3. There is no dispute about the fact that the land in respect of which urban land tax has been paid is a business asset. Though before the Tribunal there was some dispute as to whether the provisions of Section 30 of the Act would alone be applicable, it is not in dispute now that the assessee could claim deduction under Section 37 of these amounts in the computation of business income. But the question is whether the liability to urban land tax in respect of some earlier years could be allowed as deduction of this year. The nature of the tax and the date on which it accrues have been the subject of notice in our decision in T.C. No. 102 of 1975 (CIT v.
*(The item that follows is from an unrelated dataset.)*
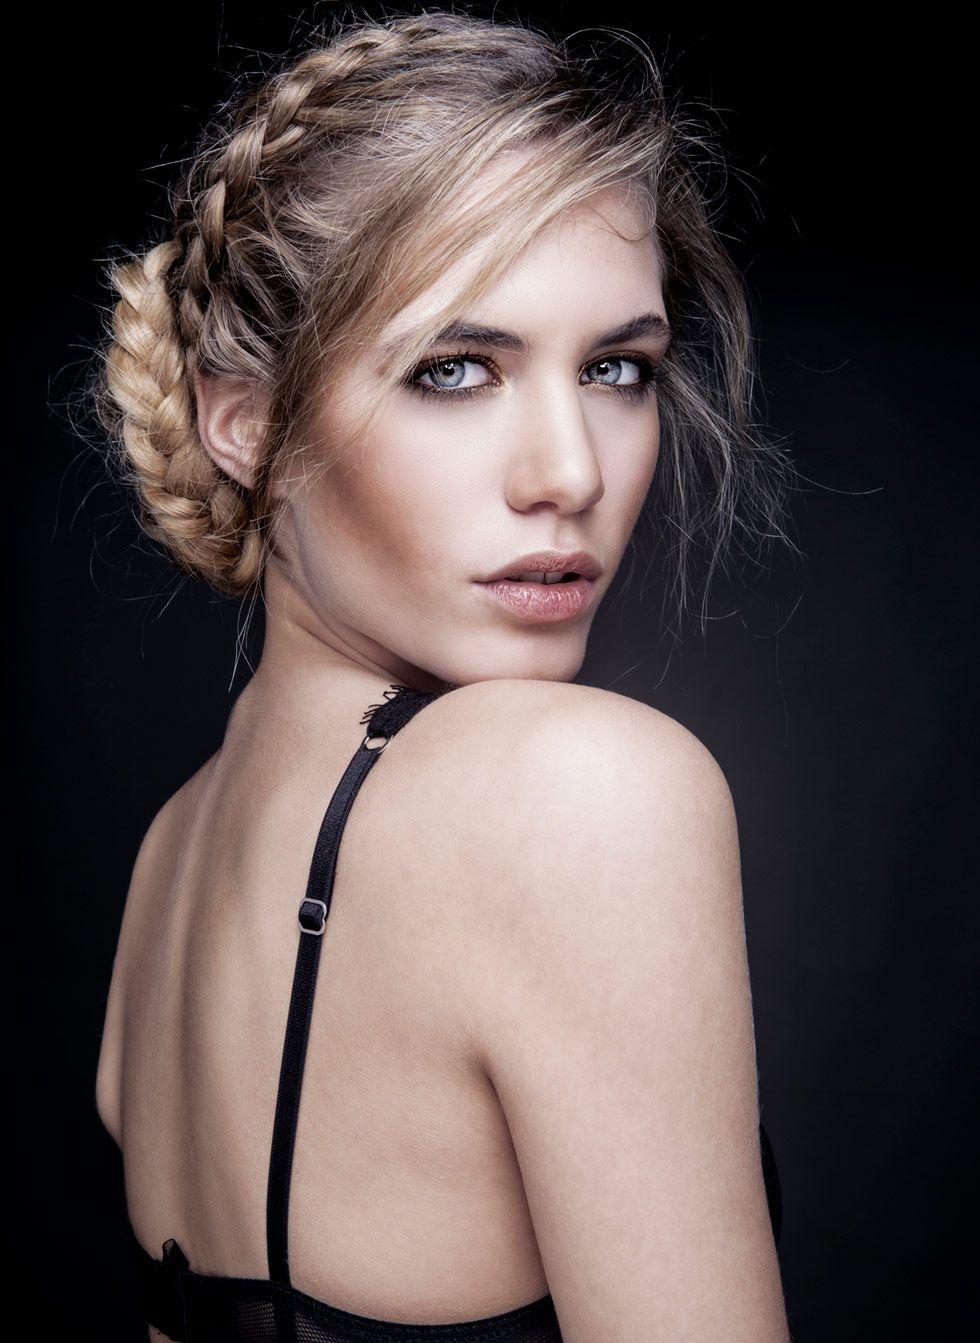 La jeune star du x Abby Paradise dans un casting porno brutal

M. CT. Muthiah) dated January 17, 1979 : [1979]118ITR104(Mad) . After briefly considering the provisions of that Act we pointed out in our judgment as under (p. 107):

'Section 15 provides that in respect of the urban land tax payable for every Fasli year or part thereof there shall be a separate notice of demand containing the particulars mentioned in Section 14 and it shall be served on the assessee. It is only after the service of such notice that the assessee can be proceeded against for the arrears of land revenue. Thus, having regard to the scheme of the relevant Act which levies urban land tax, it is clear that there is no question of any accrual of the liability every year by itself. The amount becomes payable only as and when it is demanded.'

4. In the light of this decision it would follow that the amounts accrued as liability only in the year under consideration. The Tribunal is wrong in proceeding as if the amounts could have been claimed as deduction even earlier if provision had been made. Such a provision could not have been made because there would be no liability as such. The provision, if any, would only be in respect of a contingent liability. If no notice was issued then there would be no liability as such. Hence, in the light of this decision, the question referred has to be answered in the affirmative and in favour of the assessee. The assessee will be entitled to its costs. Counsel's fee Rs. 500.